I think it's telling that the counter-argument you make about how MOV considerations can be "gamed" is basically that teams will try to win by more and lose by less. There may be very very extreme examples when those goals aren't completely overlapping with the goal of winning of the game, but in 99.99999999999999% of situations, the best way to accomplish the uber goal of winning the game is to try to score as many points as you can and try to make your opponent score as few points as it can. This is very far removed from "try to schedule teams that will win a lot of games in their shitty conference to come play you at your place where they have almost no chance of winning and avoid road games against mid-majors" -- which not only has nothing to do with basketball, but actively makes the sport worse in my opinion.
So far I've been accepting your premise that the committee is considering going to something that actively encourages increased margin of victory. But there is zero chance of that actually happening. That's why in my post I recommended something like WAB or strength of record, which provides absolutely zero incentive to run up scores. (In WAB, if you run up the score all that does is make your opponent seem like a marginally worse team, which on the margin decreases the value of that victory.)
The ultimate fact is that ANYTHING would be better than RPI, which is a terrible rating system almost by design. A full 75% of your RPI rating is essentially predetermined the day the schedules come out, and that 75% of the RPI doesn't even attempt to account for the existence of home-court advantage!

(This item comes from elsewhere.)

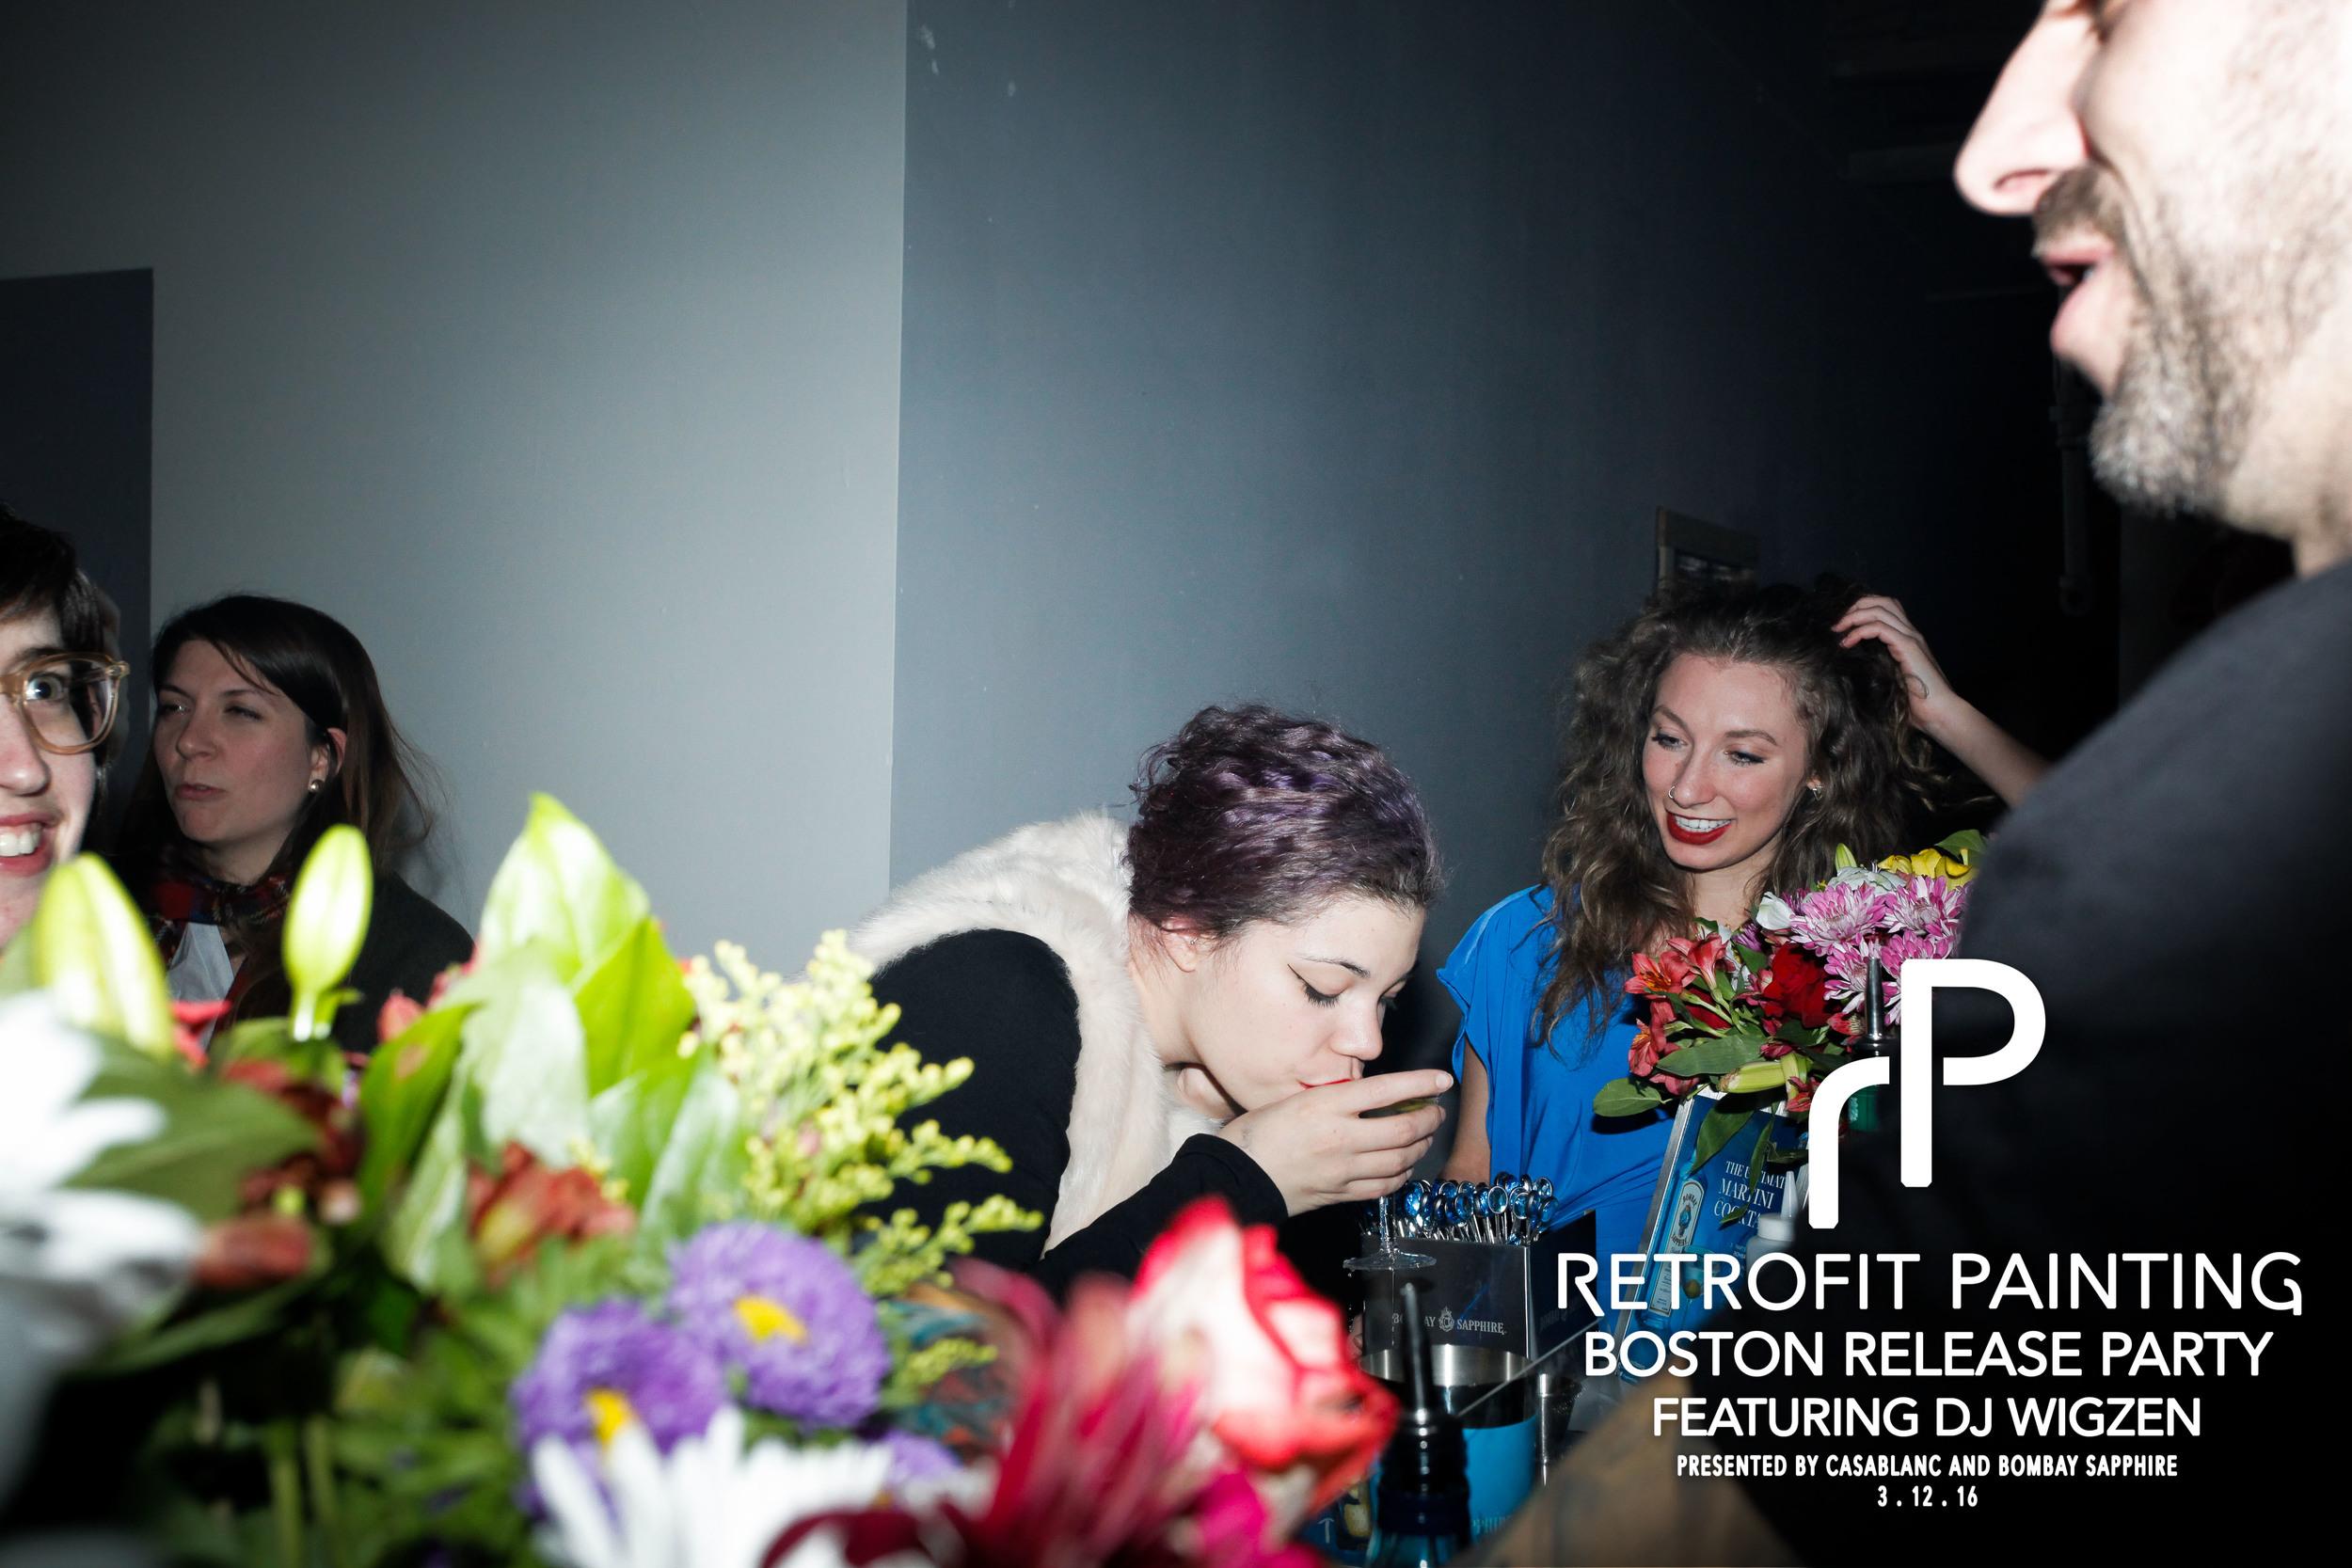 Retrofit Painting Boston Release Party 0054.jpg

In the end I agree that the tournament is okay even with the terrible RPI, mainly because everyone is involved knows how terrible the RPI is and therefore they don't even pretend that it's a reliable indicator of team quality (thus their use of "buckets" -- top 50, top 100 -- on the theory that it is maybe okay to use RPI +/- 25 ranking spots). It could really be improved, though, or at least the selection process could be a lot more rational and less crazymaking if they switched to a non-terrible metric as the basis for all their decisions.